> Source data
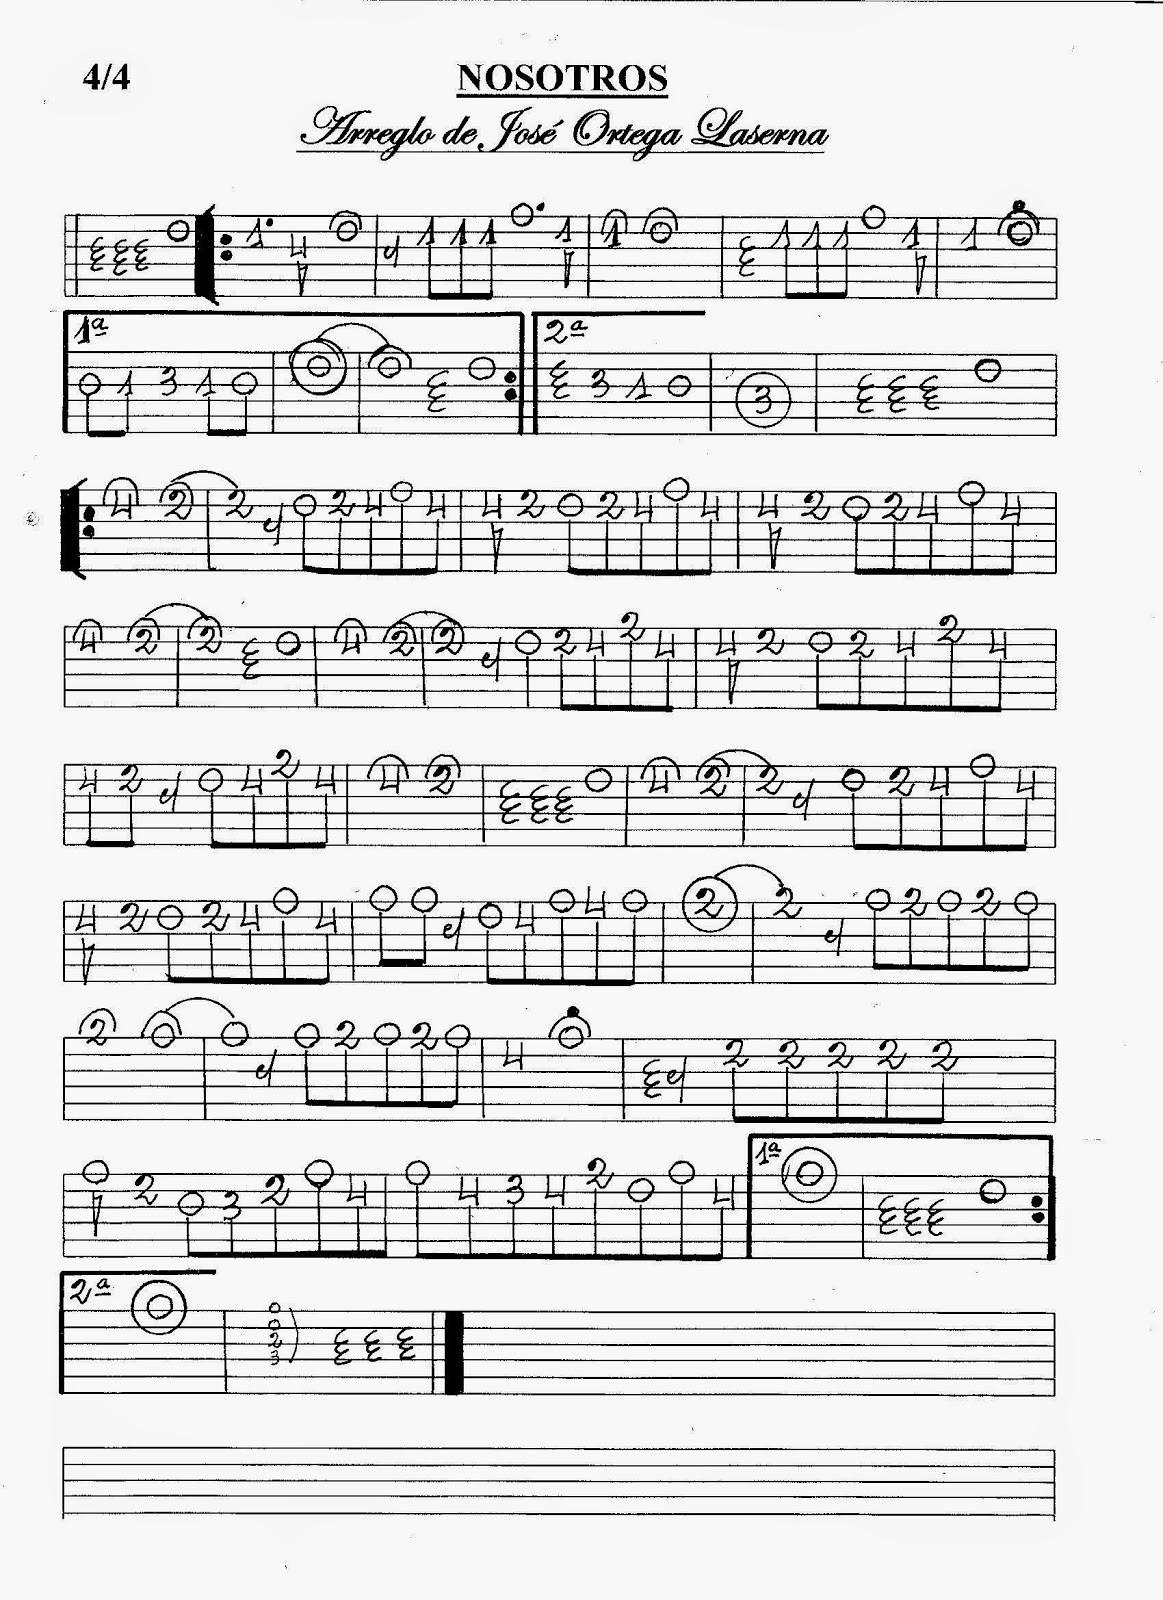 Partituras En Cifra Para Bandurria Y Laud De Jose Ortega Laserna Octubre 2014
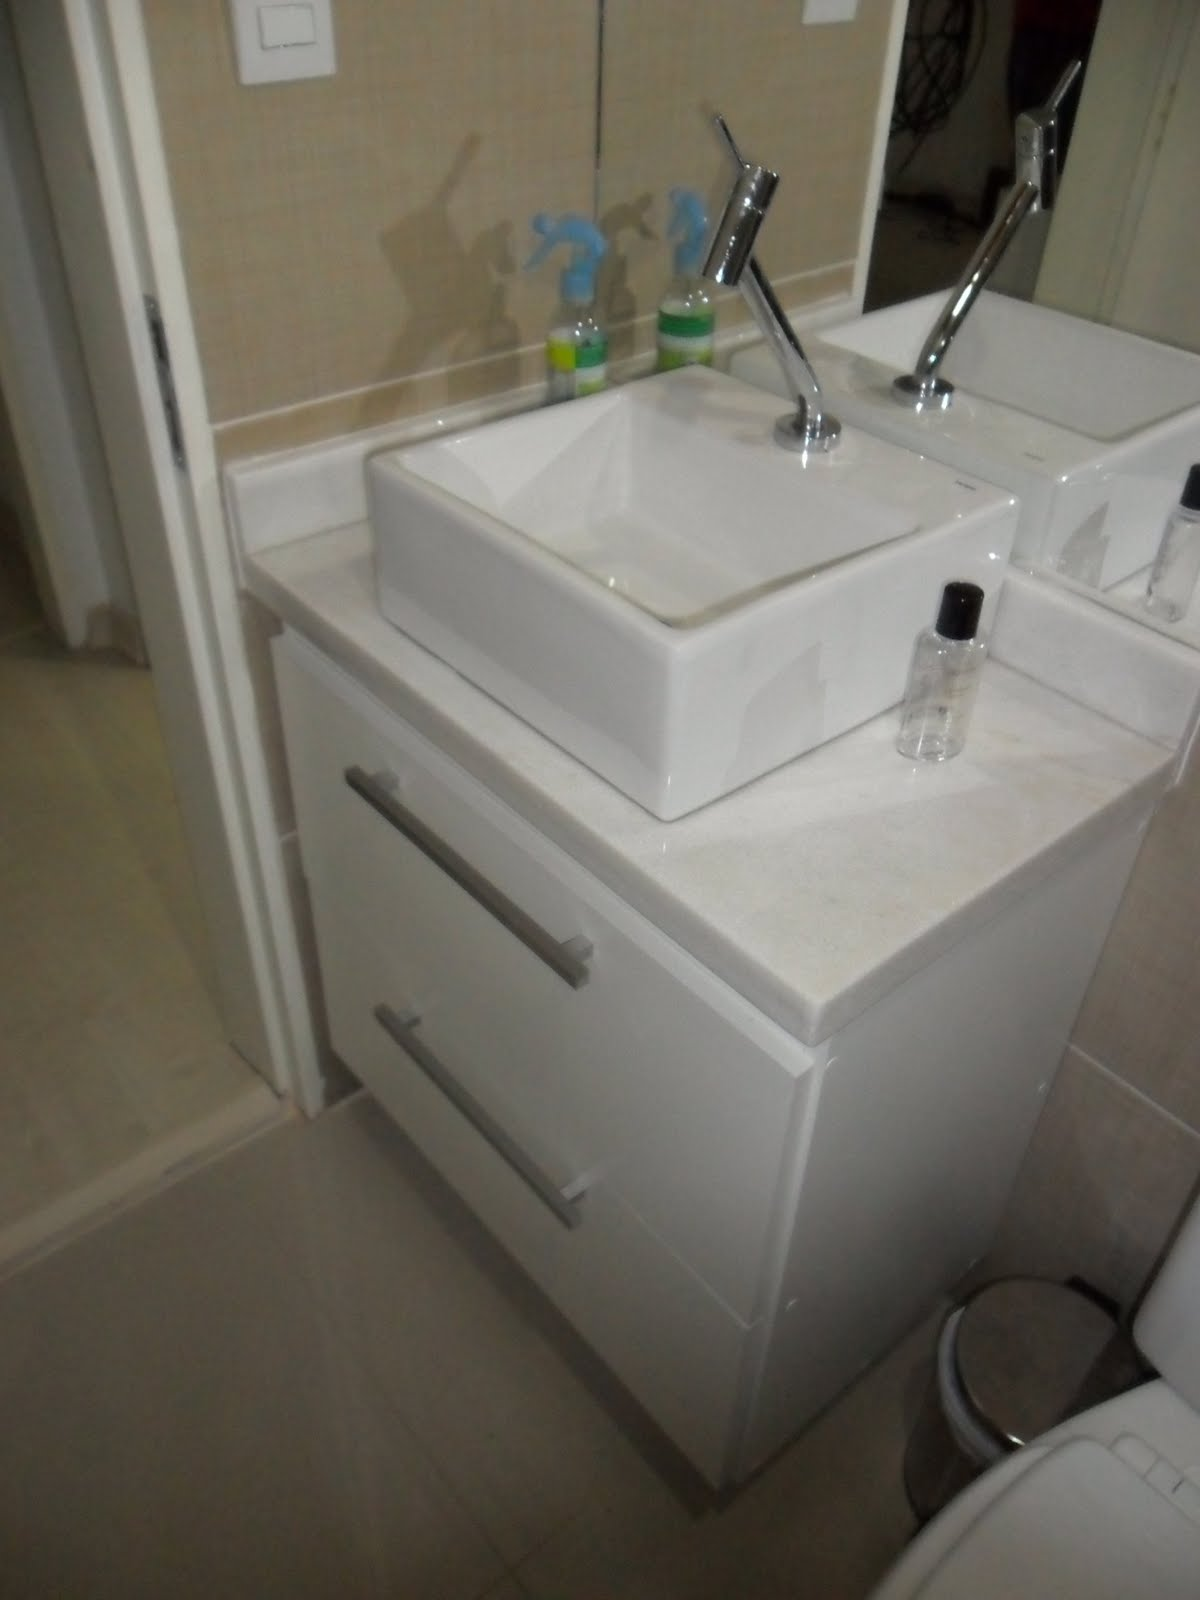 Arquitetura: Cozinha e Banheiro de apartamento renovados!!! #4A636D 1200 1600
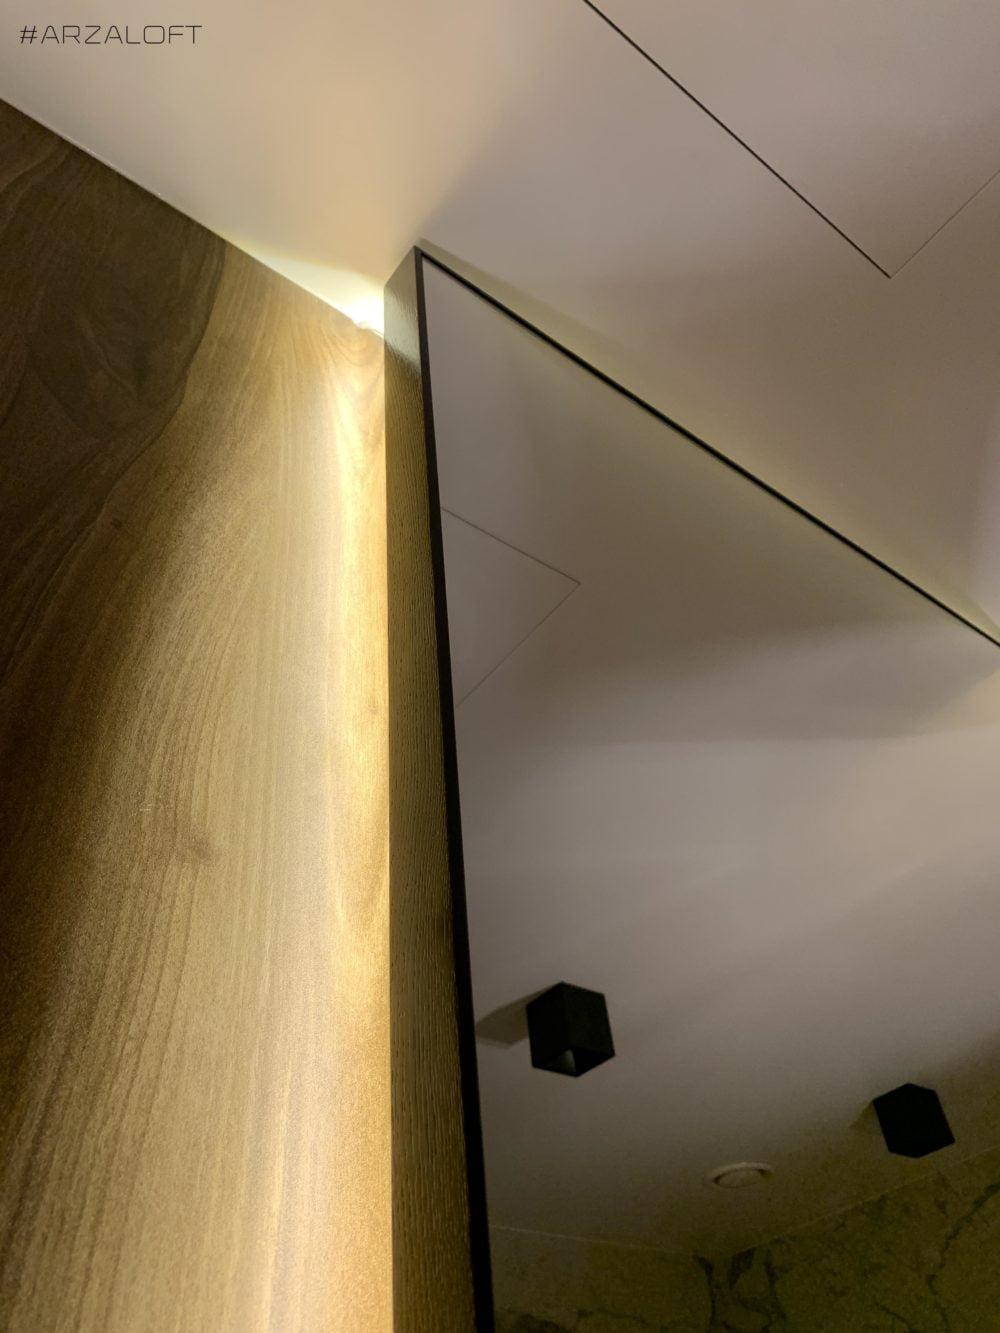 зеркало настенное с подсветкой

> What you are asked to do
Output the data verbatim, images excluded.

> Result below
 Partituras En Cifra Para Bandurria Y Laud De Jose Ortega Laserna Octubre 2014
 Arquitetura: Cozinha e Banheiro de apartamento renovados!!! #4A636D 1200 1600
 зеркало настенное с подсветкой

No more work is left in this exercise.